The young and inexperienced no-decision managers work many months just with three tactics to avoid decision-making. These are common to all no-decision managers without exception.
The second tactic is used after several requests by subordinates to make a decision and leads logically to no-decision managers asking their subordinates for additional information, necessary to make the decision. This I call ‘imposing incremental information.’
The request however is not used to make a decision, but quite the opposite; it is used to send the subordinate away so that no decision needs to be made while the work is going on. When the subordinate comes back with the information, the no-decision manager is quite likely to ask for more. All this is a tactic to avoid decision-making. They never use the information provided by the subordinate to take decisions, because by definition they never take decisions.
Normal managers
Normal managers, ones who take decisions, will inevitably resort to a similar request of subordinates. These managers use this additional information to help them make the decision, which they are analysing.
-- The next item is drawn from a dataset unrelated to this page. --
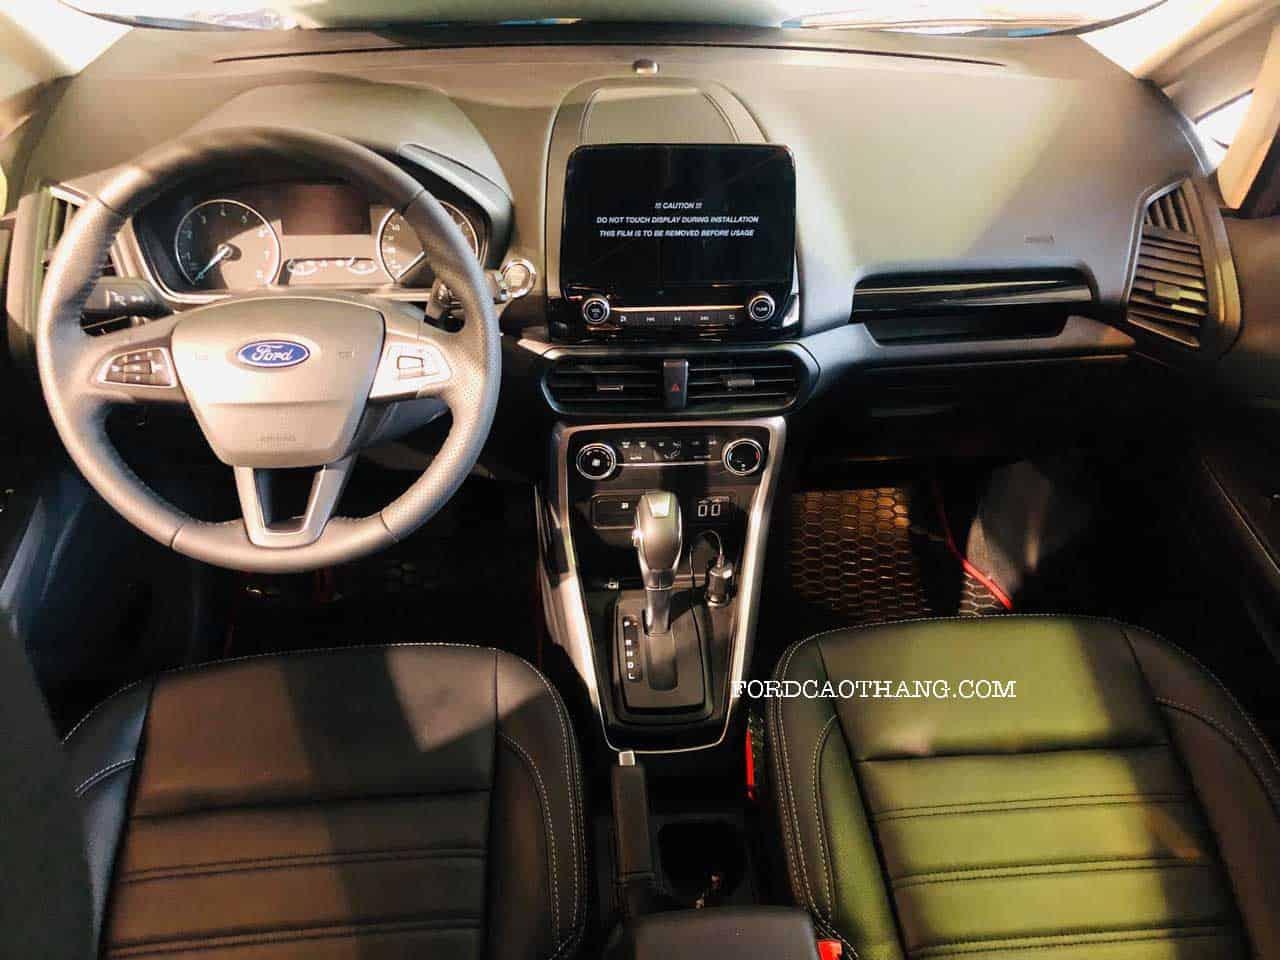 Khoang lái ford ecopsort titanium 2020

No-decision managers do not.
Effect on subordinates
Subordinates will, at first, genuinely believe that their no-decision boss needs an excessive volume of information to make decisions. But as the information requested becomes more detailed, and to the subordinate unnecessary for the decision in question, they will again become frustrated and begin to wonder what is going on with their boss. They will not yet have realised that their boss is never going to decide anything.
But even these two tactics, ‘permanent procrastination’ and ‘imposing incremental information’ on their own, are still not viable or sustainable for no-decision managers, so they resort to other decision avoidance tactics. First, a number of simple ones, then gradually as they gain experience, more sophisticated ones.